Do you think this is just tax or is it also the cost of oil rising and fed through the system and now hitting pump prices?

I heard from TV the other day that Dubai is planning for their oil to run dry in 2016. Hence their high end tourism developments, the Palm and the World. How far behind Dubai are other major oil suppliers? Isn't the North Sea running dry now'ish? Not that it was a world supplier....
 
Hi Malcolm,
I work in the North Sea Oil and Gas trade offshore (no it's not my wages causing the prices rises :) ) Apparently the North Sea has had 20 years left to it for the last 20 years and still does?!

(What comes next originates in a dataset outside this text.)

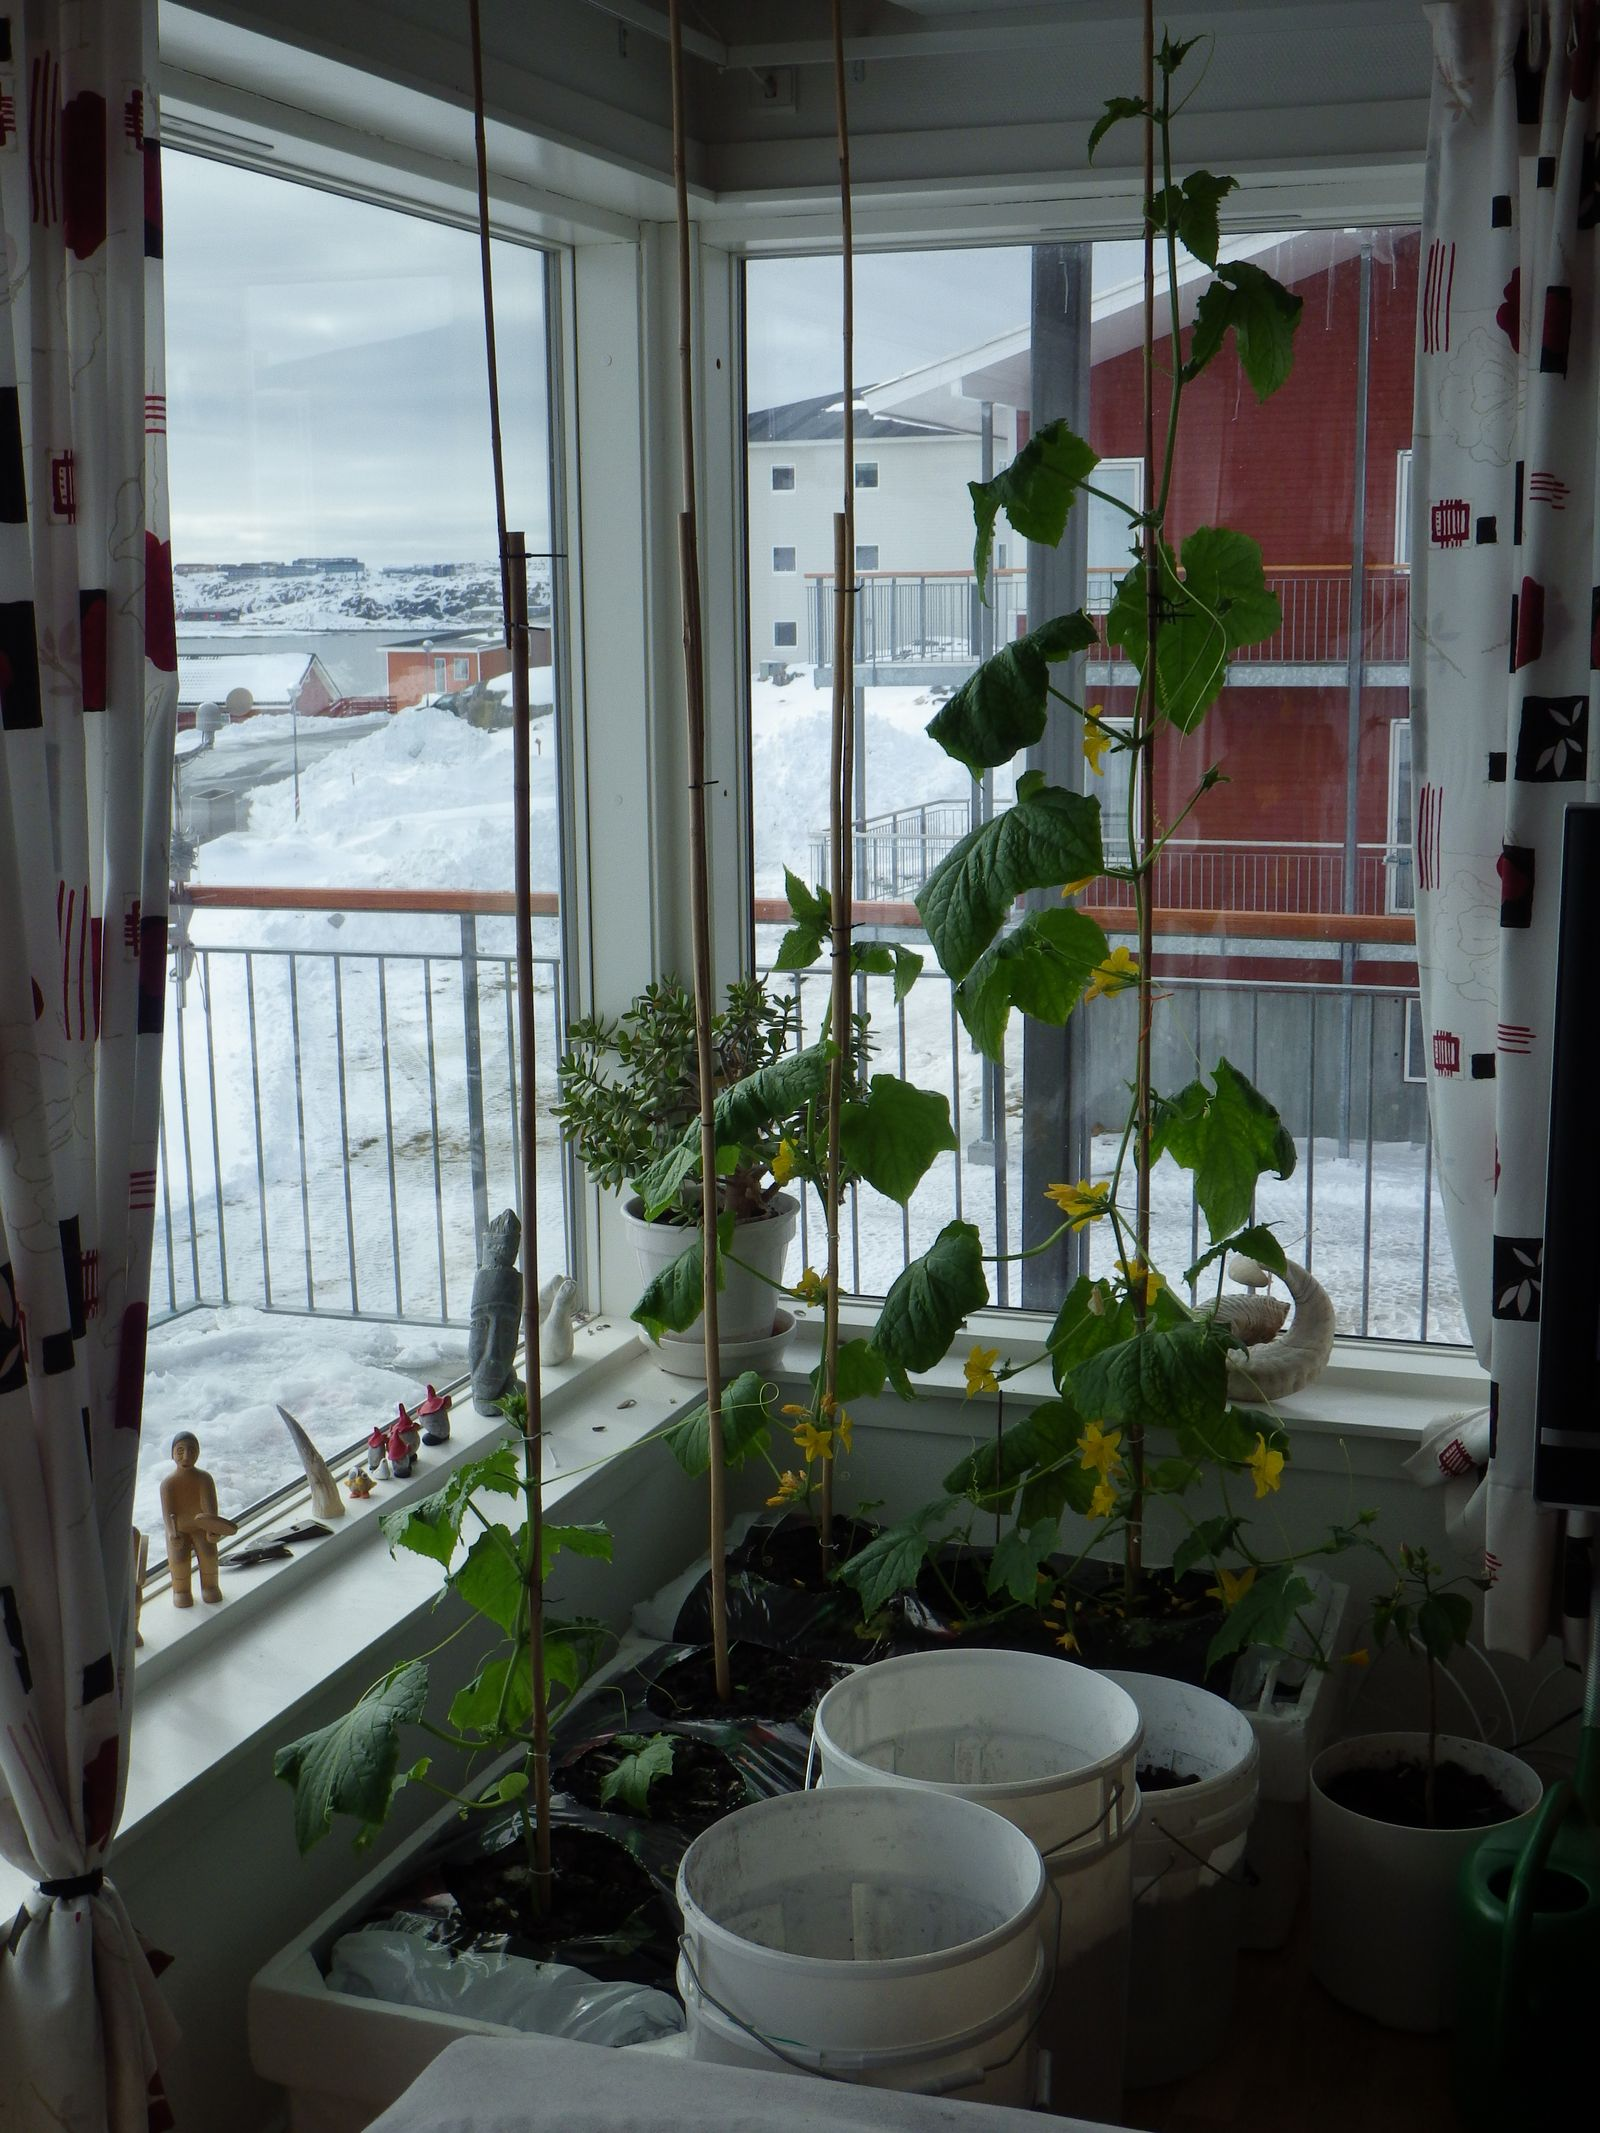 2014-04-24-1558_-_Agurkeplante_Kartofelspande_Planter
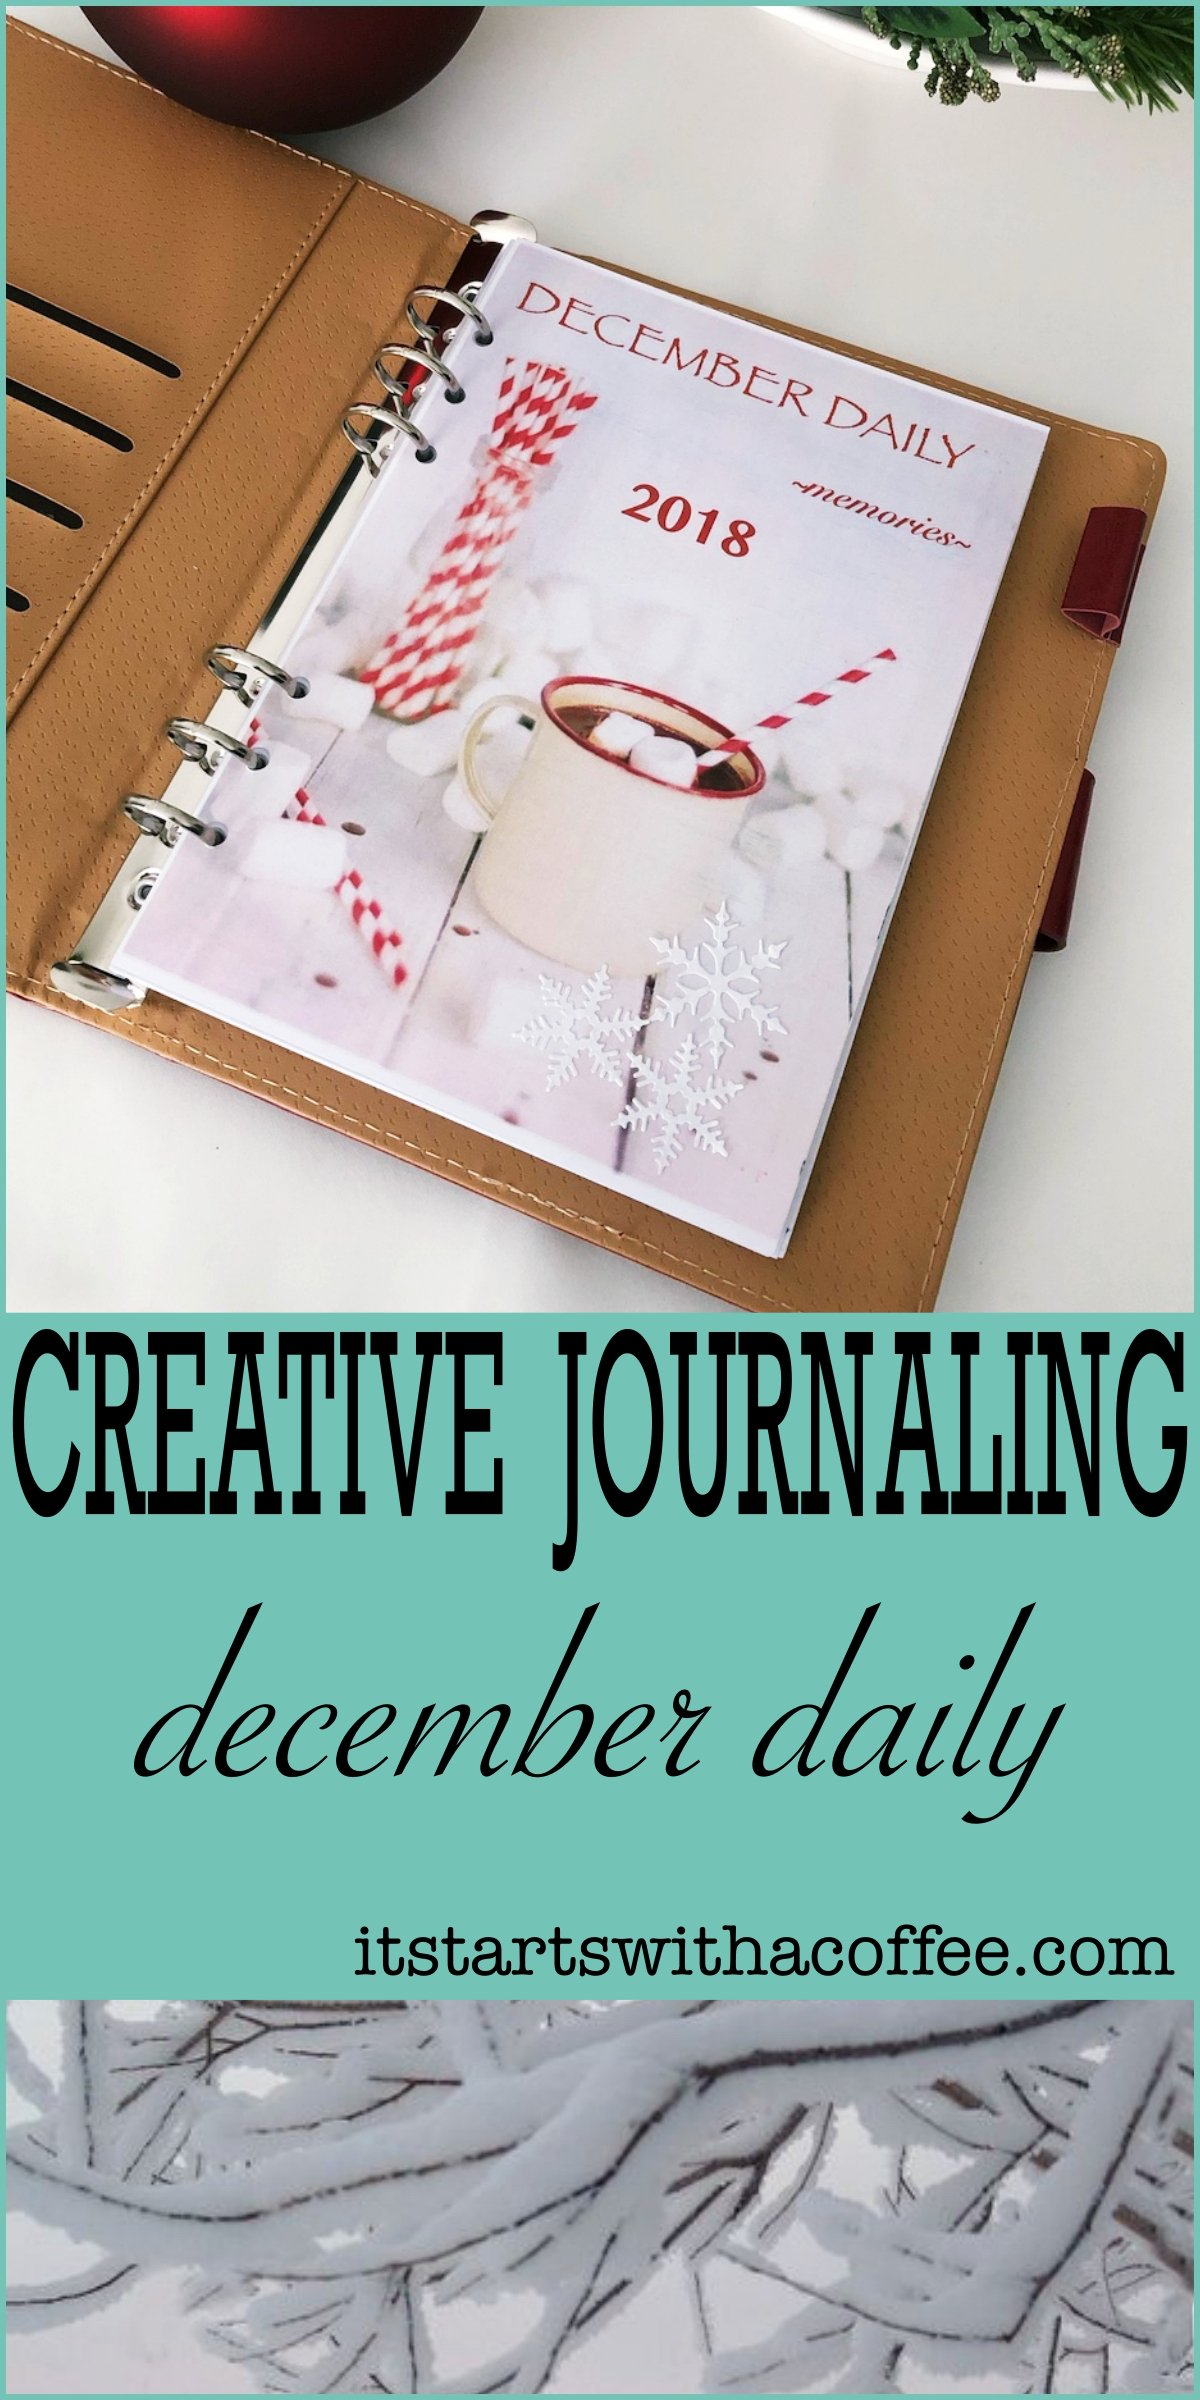 Creative journaling - December daily memories - itstartswithacoffee.com #creativejournaling #journaling #daily #december #planner #memories

New technology keeps coming online to enable us to use deposits in deeper and deeper water (Schielhallion and Clare both West of Shetlands are good examples). We are also tapping more and more wells that were drilled in the past but were uneconomic to produce from until oil prices rose to current levels. There are also possibilities of deeper wells to reach possible deeper deposits but I don't know if any of these are being looked into. (Coupled with Gas Hydrates there should enough to go around for while yet :)

A lot of the latest prices rises as you know are due to instability in some of the major oil producing regions (Nigeria and the Arabian Gulf to name two), but also because of a huge demand from Chinese and other developing industrial nations industry and power generation as they don't have nearly enough of their own.

Well that's my somewhat simplified view anyway :)
 
I actually tried to educate myself on the worlds oil supply at one time in an effort to get smart.

One thing that cropped up very frequently was that the supply of available oil in the world varies directly with the price. Theres a lot less oil available at $50/bbl than there is at $100/bbl.

Only makes sense...
 
Oil will never cost more than what people can afford/are willing to pay for it. There is just too much of it. As long as competing interests are looking to make money in the marketplace (it is a traded commodity), the price will reflect what people are willing to pay. Most of the people complaining about prices at the pump still are paying $1 a song to load onto their iPod. I know you guys in the UK have a tougher tax situation than we do, so they may tax you out of being able to afford it, but as a form of energy oil is cheap and plentiful. Too bad the reserves aren't sitting under the US or Britain (actually they are sitting under the US in Alaska, but I digress), as it would be even cheaper still. Don't dismay!
 
Just to take the different units out of it. If Malcolm's predictions come true (and I can see any reason why they will not :( )

£1.35 / liter =

£6.13 / gallon =

£5.11 / US gallon =

$10 / US gallon (normal kind of exchange rate at the moment)

I believe that means you lucky guys in the USA are paying about $3 per US gallon Comments??

If it makes ant Brits feel better I think fuel is even more expensive in Holland!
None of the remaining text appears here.